Why aren't `void *`'s implicitly cast in C++?

Question

In C, there is no need to cast a void * to any other pointer type, it is always safely promoted. However, in C++, this is not the case. E.g.,

int *a = malloc(sizeof(int));

works in C, but not in C++. (Note: I know that you shouldn't use malloc in C++, or for that matter new, and should instead prefer smart pointers and/or the STL; this is asked purely out of curiosity) Why does the C++ standard not allow this implicit cast, while the C standard does?

Answer 1

Because implicit type conversions are usually unsafe, and C++ takes a more safe stance to typing than C does.

C will usually allow implicit conversions, even if most chances are that the conversion is an error. That's because C assumes that the programmer knows exactly what they are doing, and if not, it is the programmer's problem, not the compiler's problem.
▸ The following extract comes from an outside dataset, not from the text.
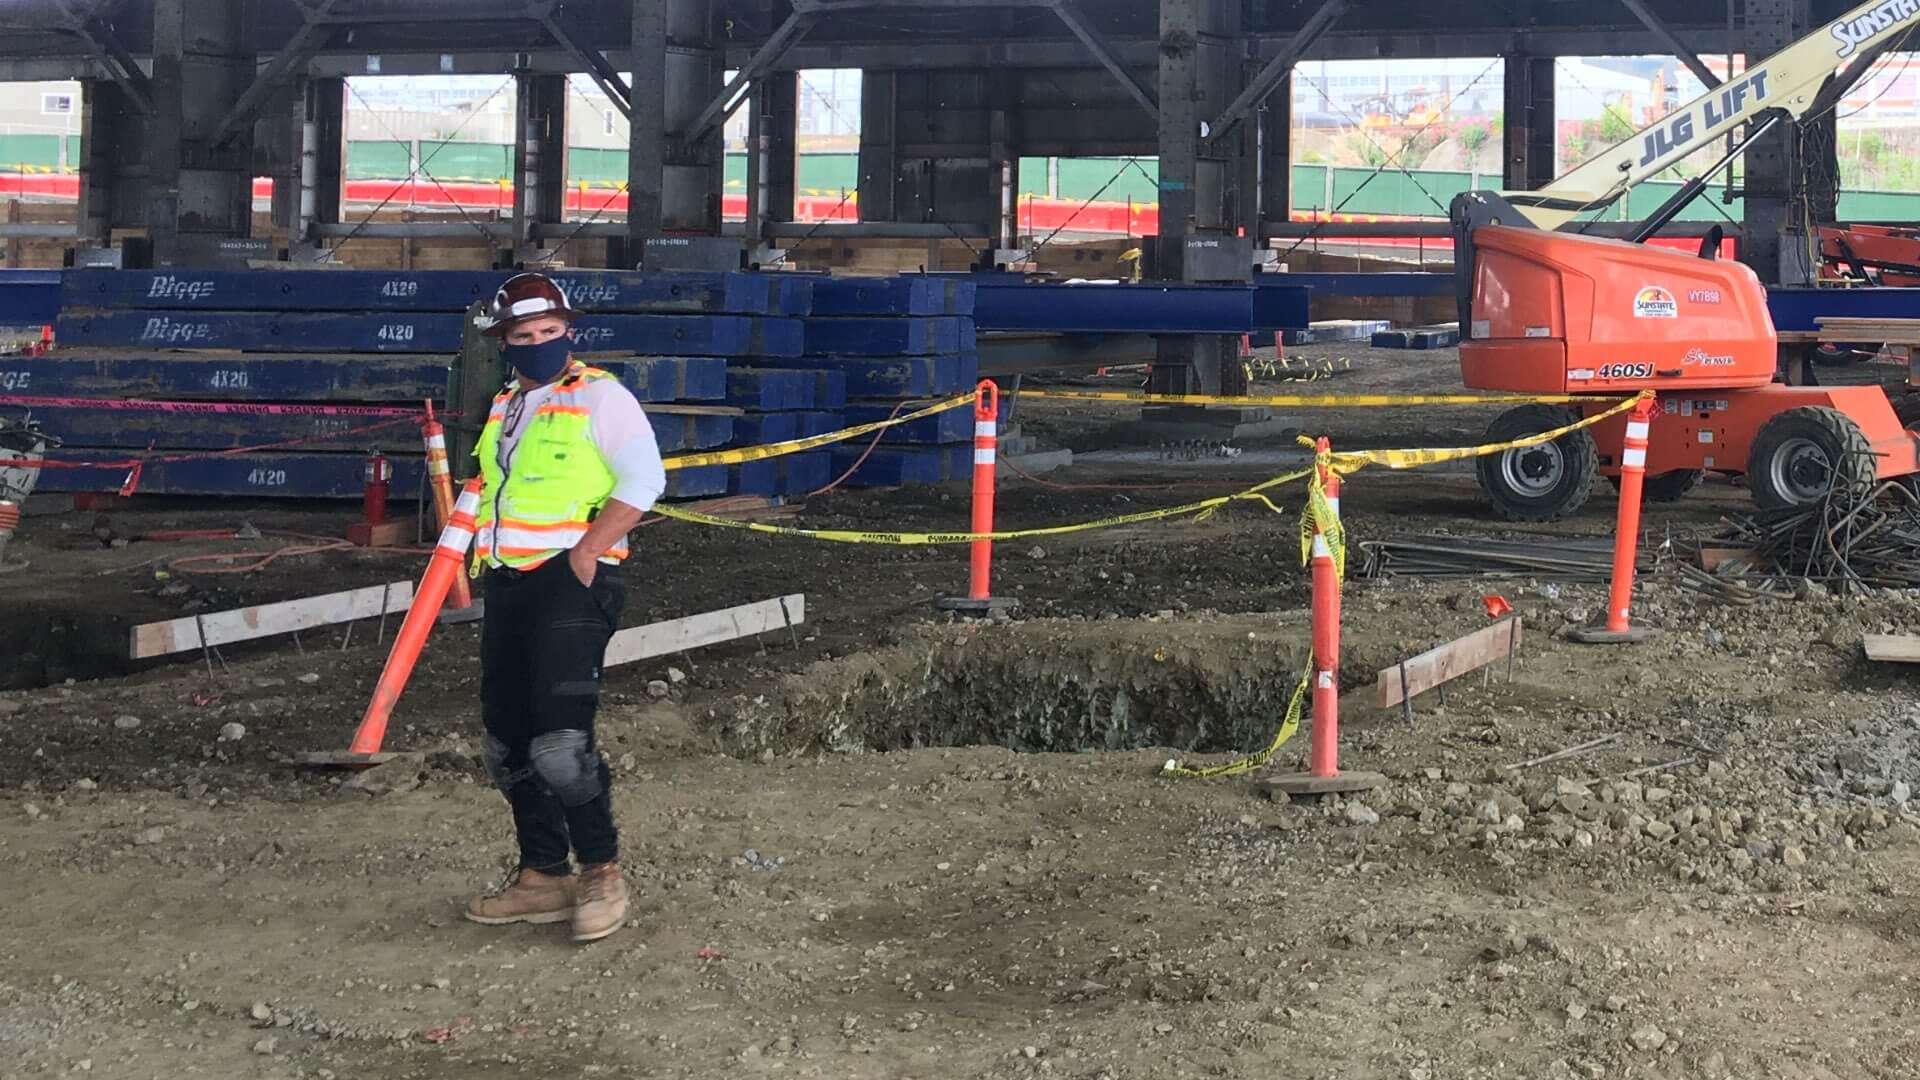 Workers on a jobsite

C++ will usually disallow things that could potentially be errors, and require you to explicitly state your intention with a type cast. That's because C++ is trying to be programmer-friendly.

You might ask how come it is friendly when it is actually requiring you to type more.

Well, you see, any given line of code, in any program, in any programming language, will generally be read many more times than it will be written (*). So, ease of reading is much more important than ease of writing. And when reading, having any potentially unsafe conversions stand out by means of explicit type casts helps to understand what is going on and to have a certain level of certainty that what is happening is in fact what was intended to happen.

Besides, the inconvenience of having to type the explicit cast is trivial compared to the inconvenience of hours upon hours of troubleshooting to find a bug which was caused by a mistaken assignment that you could have been warned about, but never were.

(*) Ideally it will be written only once, but it will be read every time someone needs to review it to determine its suitability for reuse, and every time there is troubleshooting going on, and every time someone needs to add code near it, and then every time there is troubleshooting of nearby code, and so on. This is true in all cases except for "write-once, run, then throw away" scripts, and so it is no wonder that most scripting languages have a syntax which facilitates ease of writing with complete disregard to ease of reading. Ever thought that perl is completely incomprehensible? You are not alone. Think of such languages as "write-only" languages.

Answer 2

Here is what Stroustrup says:

In C, you can implicitly convert a void* to a T*. This is unsafe

He then goes on to show an example of how void* can be dangerous and says:

... Consequently, in C++, to get a T* from a void* you need an explicit cast. ...

Finally, he notes:

One of the most common uses of this unsafe conversion in C is to assign the result of malloc() to a suitable pointer. For example:

int* p = malloc(sizeof(int));

In C++, use the typesafe new operator:

int* p = new int;

He goes into a lot more detail on this in The Design and Evolution of C++.

So the answer boils down to: The language designer believes it is an unsafe pattern, and so made it illegal and provided alternate ways of accomplishing what the pattern was normally used for.

Answer 3

In C, there is no need to cast a void * to any other pointer type, it is always safely promoted.

It's always promoted, yes, but hardly safely.

C++ disables this behaviour precisely because it attempts to have a safer type system than C, and this behaviour is not safe.

---

Consider in general these 3 approaches to type conversion:

1. force the user to write everything out, so all conversions are explicit
2. assume the user knows what they're doing and convert any type to any other
3. implement a complete type system with type-safe generics (templates, new-expressions), explicit user-defined conversion operators, and force explicit conversions only of things the compiler can't see are implicitly safe

Well, 1 is ugly and a practical obstacle to getting anything done, but might genuinely be used where great care is needed. C roughly opted for 2, which is easier to implement, and C++ for 3, which is harder to implement but safer.

Answer 4

By definition, A void pointer can point to anything. Any pointer can be converted to a void pointer and thus, you will be able to convert back arriving at the exact same value. However, pointers to other types may have constraints, such as alignment restrictions. For example, imagine an architecture where characters can occupy any memory address but integers must start on even address boundaries. In certain architectures, integer pointers might even count 16, 32 or 64 bits at a time so that a char * might actually have a multiple of the numeric value of int * while pointing to the same place in memory. In this case, converting from a void * actually would round off bits which can not be recovered and is therefore not reversible.

Put simply, the void pointer can point to anything, including things that other pointers may not be capable of pointing to. Thus, the conversion to the void pointer is safe but not the other way around.